Copy: measures memory transfer rate without arithmetic operation, a[i] = b[i]
Scale: includes a simple arithmetic operation, a[i] = k × b[i]
Add: includes three memory access in addition to arithmetic operation, a[i] = b[i] + c[i]
Triad: combines scale and add in one operation, a[i] = b[i] + k × c[i]

For bandwidth, a byte read counts as one and a byte written counts as one resulting in a score that is double the bandwidth LMBench. Table 3-3 shows the measured bandwidth and the efficiency compared to theoretical wire rate. The wire rate used is the LPDDR4 MT/s rate times the width. To get overall maximum achieved throughput the command used is stream -M 16M -P 2 -N 10, which means two parallel threads and 10 iterations. The Arm-Cortex-A53 clock frequency is setup to 1.25GHz in this test.

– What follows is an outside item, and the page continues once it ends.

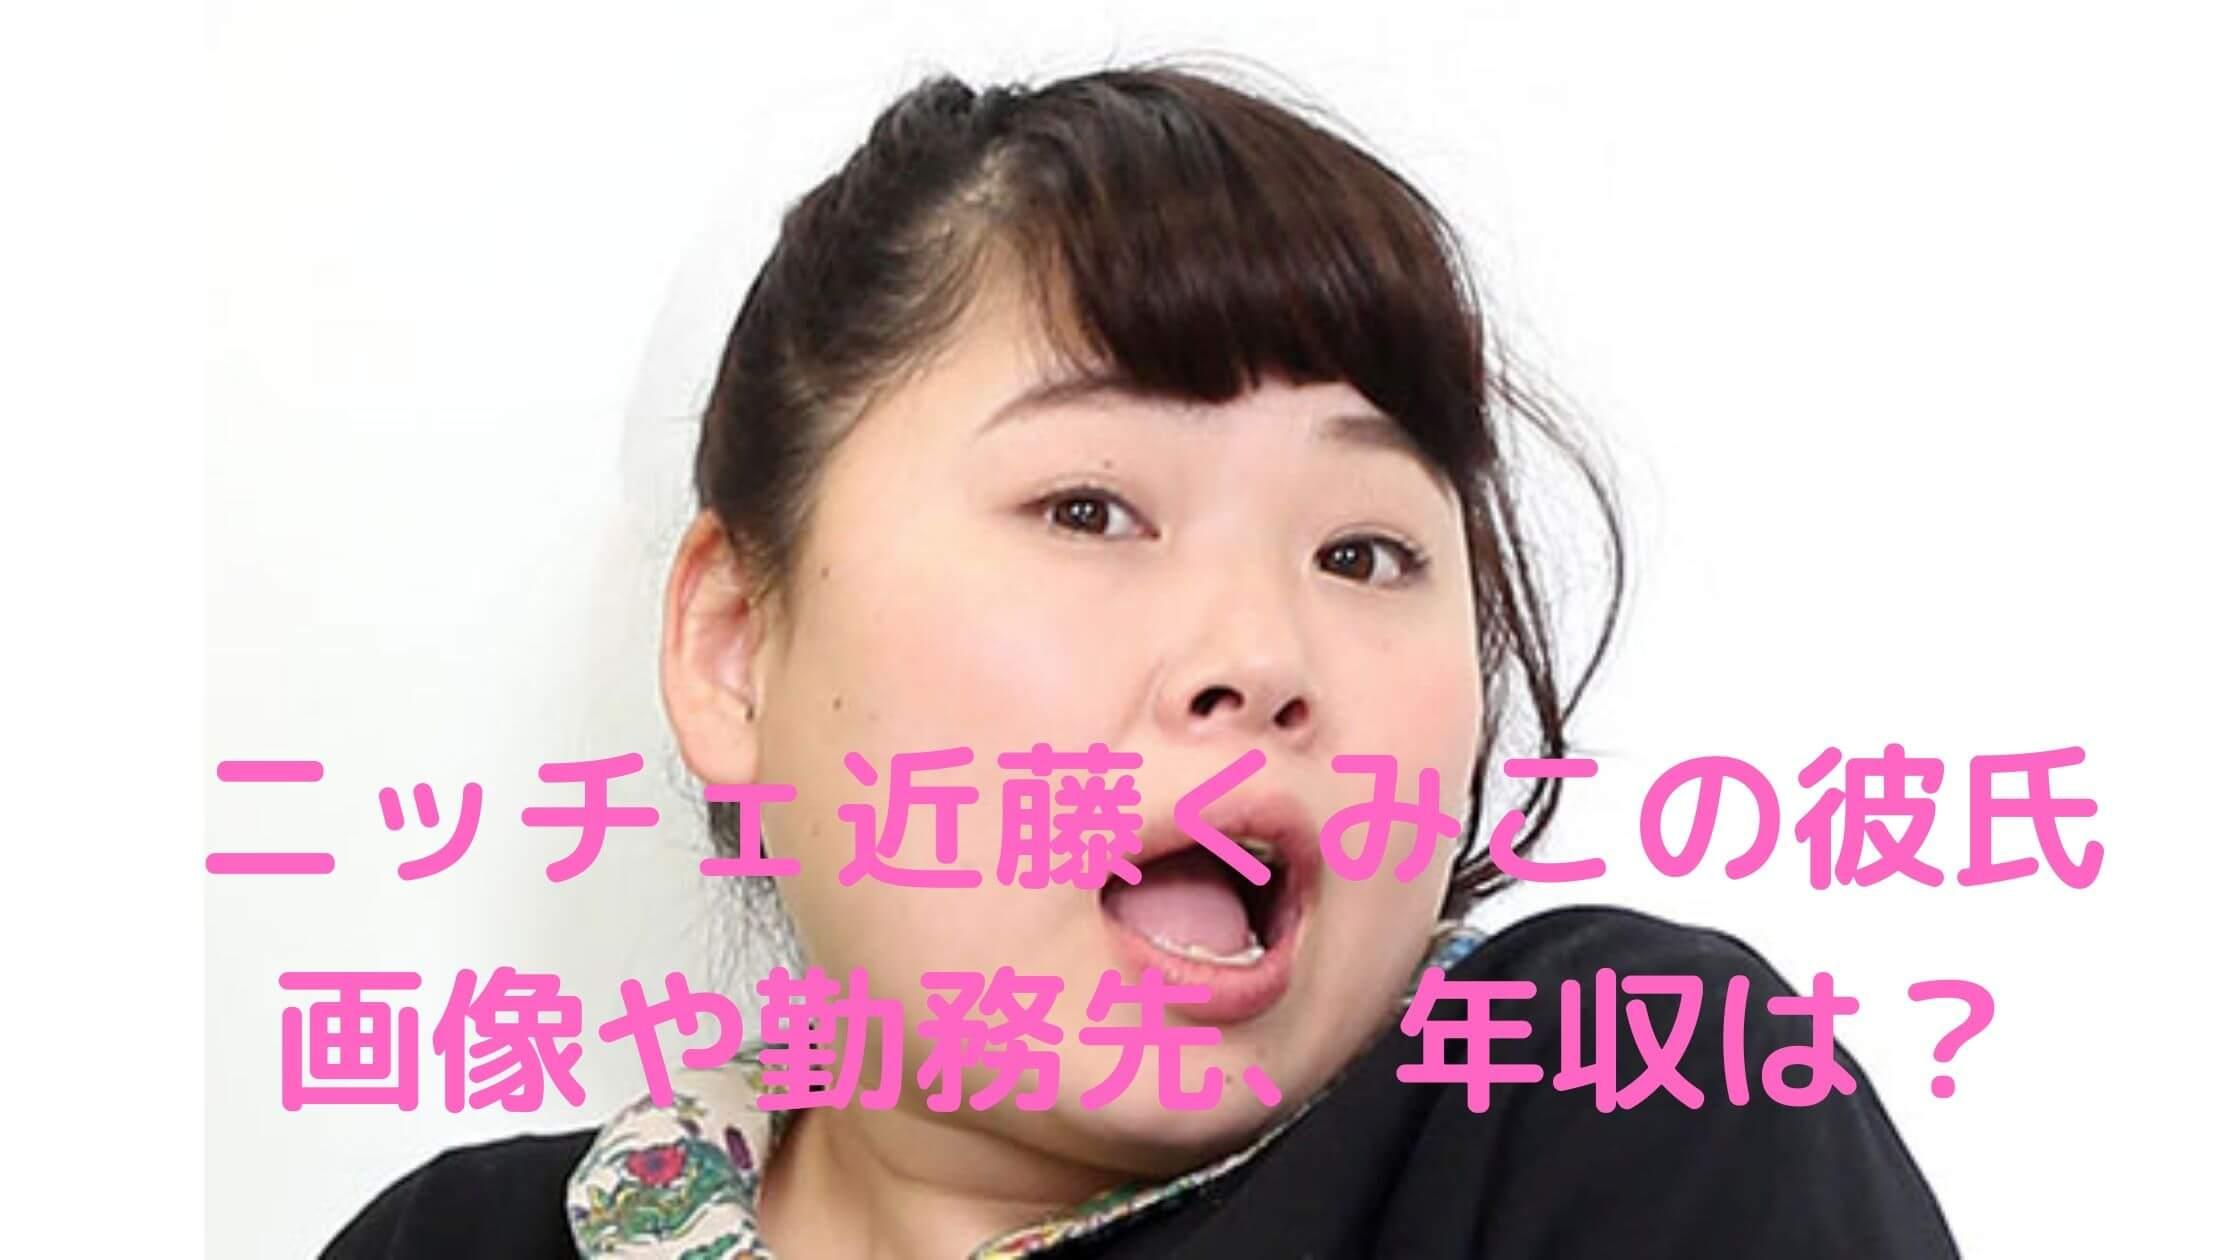 近藤くみこ 彼氏 婚約相手 フジテレビプロデューサー 藤本大介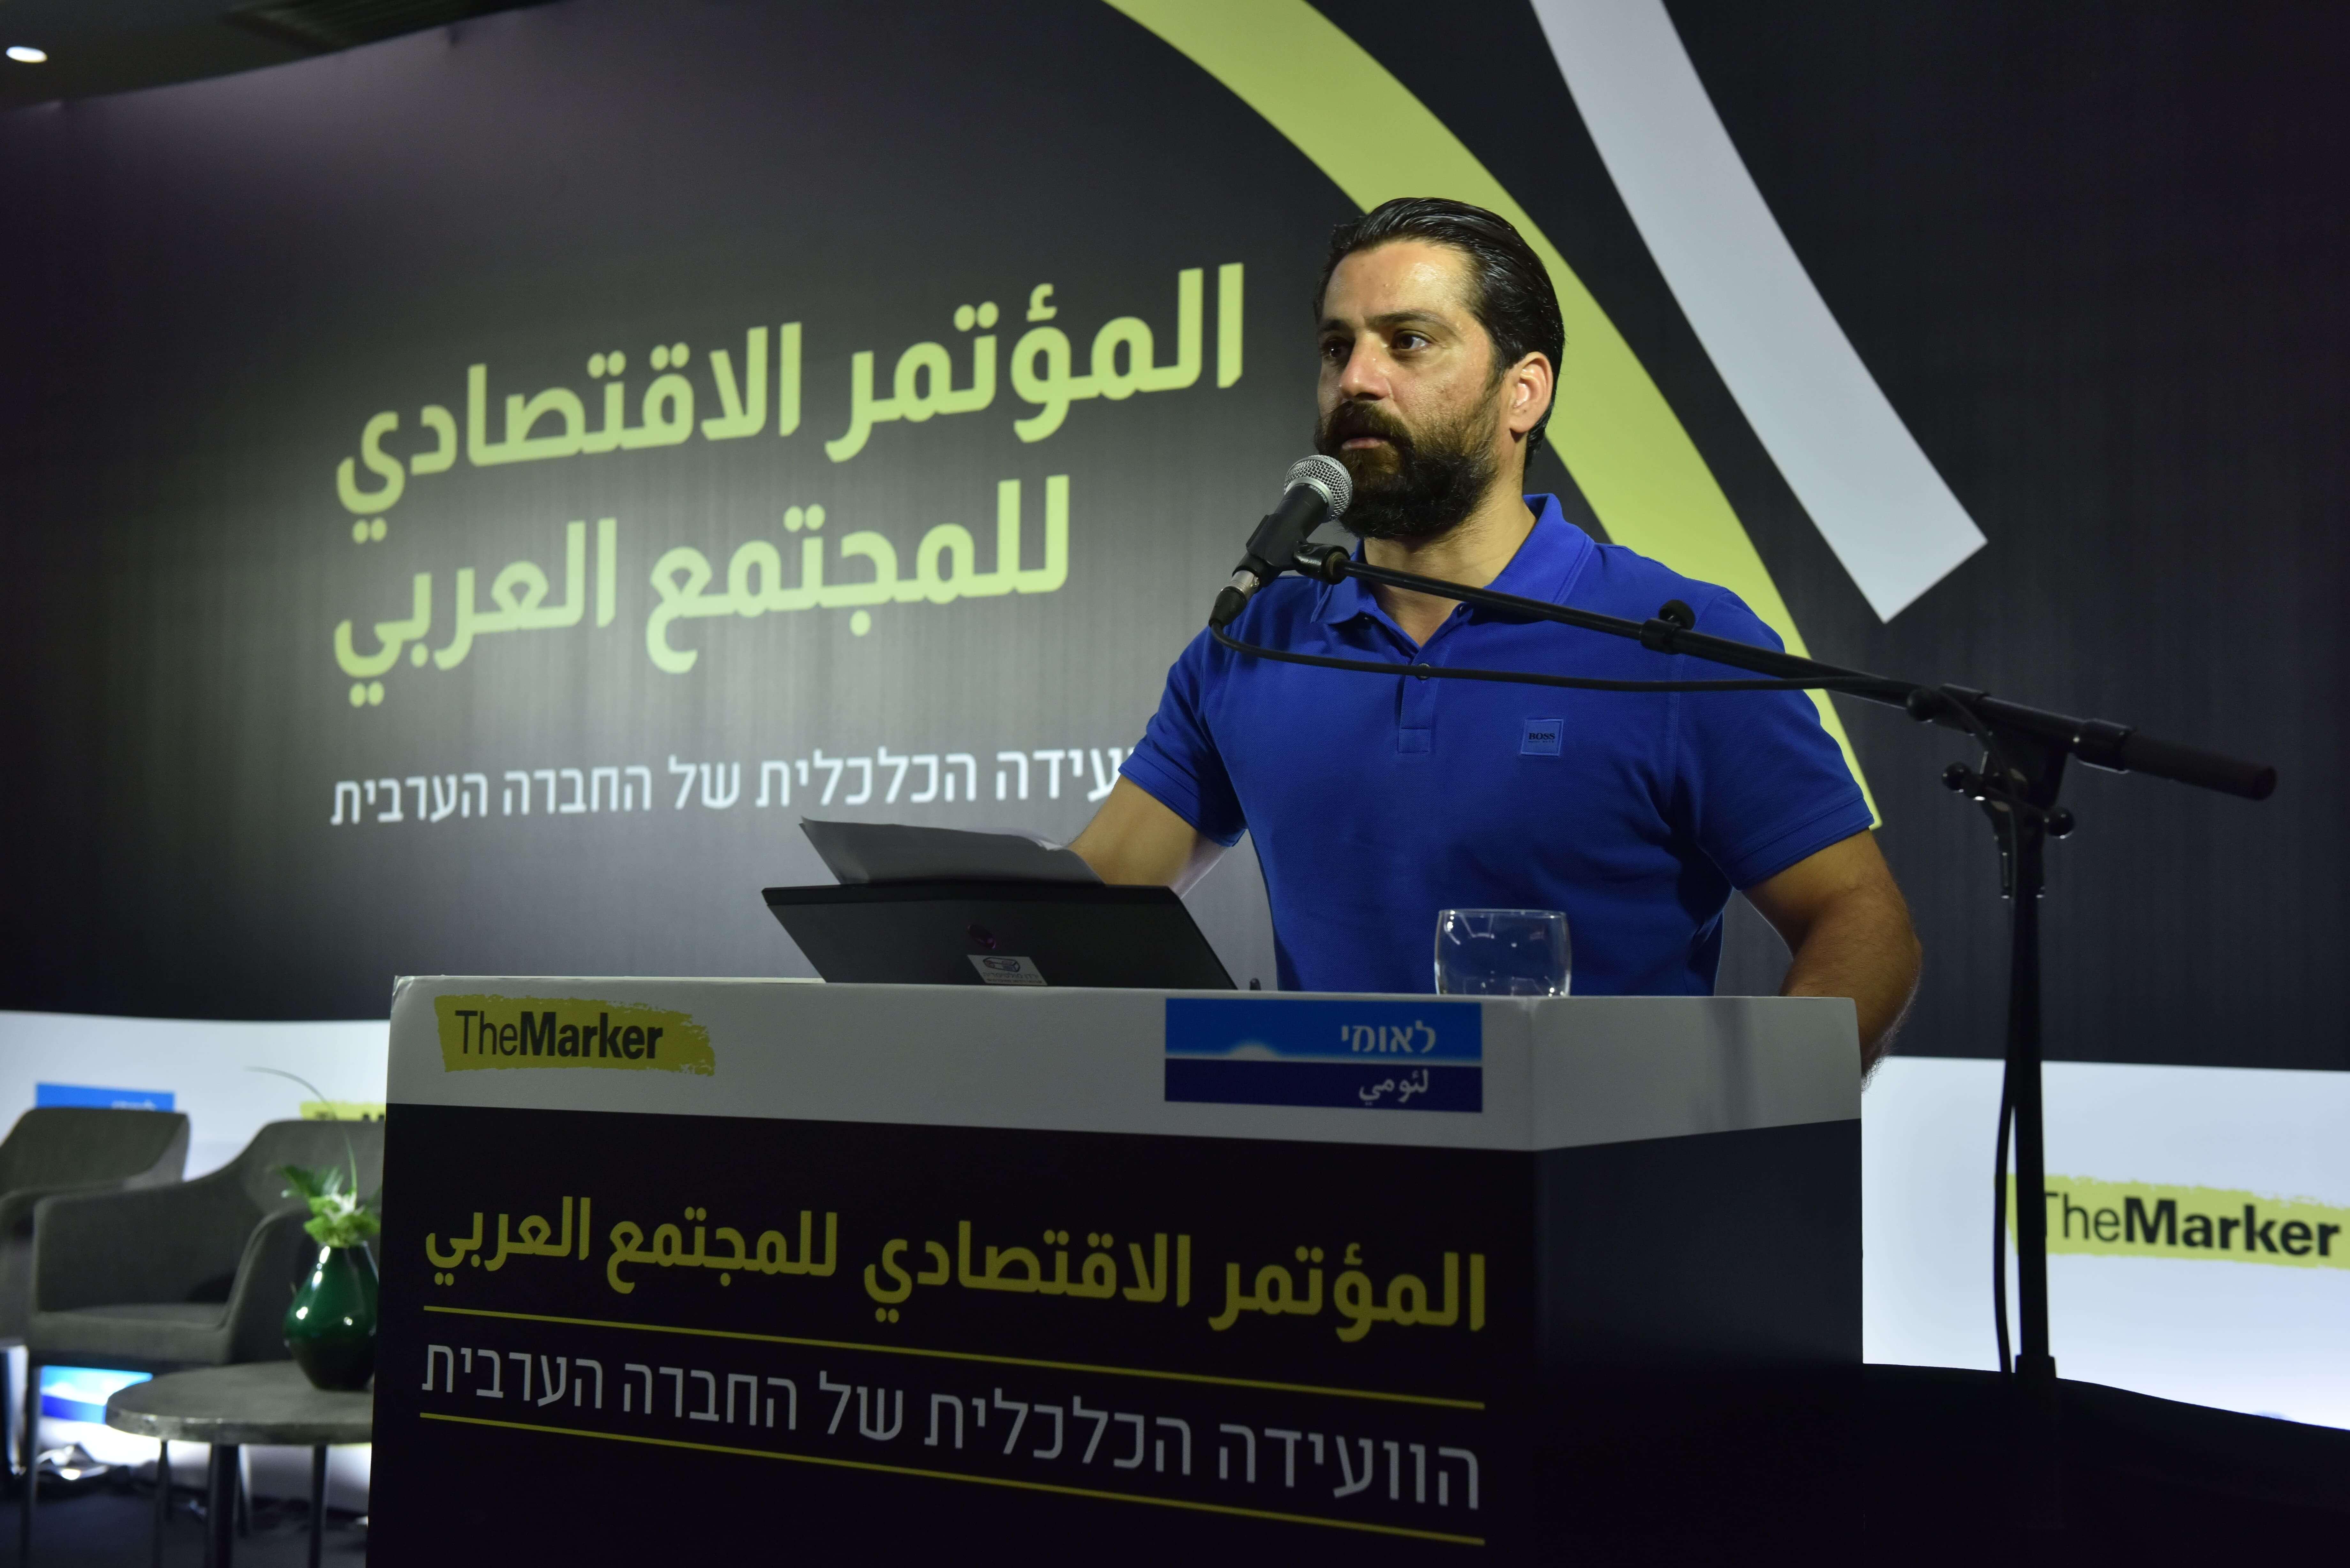 """نجاح كبير لـ """"المؤتمر الاقتصادي للمجتمع العربي """" لـ The Marker وبنك لئومي-7"""

root@am62lxx-evm:~# stream -M 16M -P 2 -N 10
STREAM copy latency: 13.64 nanoseconds
STREAM copy bandwidth: 2346.27 MB/sec
STREAM scale latency: 13.59 nanoseconds
STREAM scale bandwidth: 2354.55 MB/sec
STREAM add latency: 21.72 nanoseconds
STREAM add bandwidth: 2209.49 MB/sec
STREAM triad latency: 22.20 nanoseconds
STREAM triad bandwidth: 2162.58 MB/sec

Table 3-3 Stream Benchmarks

	LPDDR4-1600MT/s-16-Bit Latency [ns]	LPDDR4-1600MT/s-16-Bit Bandwidth [MB/s]	LPDDR4-1600MT/s-16-Bit Efficiency[%]
copy	13.64	2,346	73
scale	13.59	2,354	73
add	21.72	2,209	69
triad	22.20	2,162	67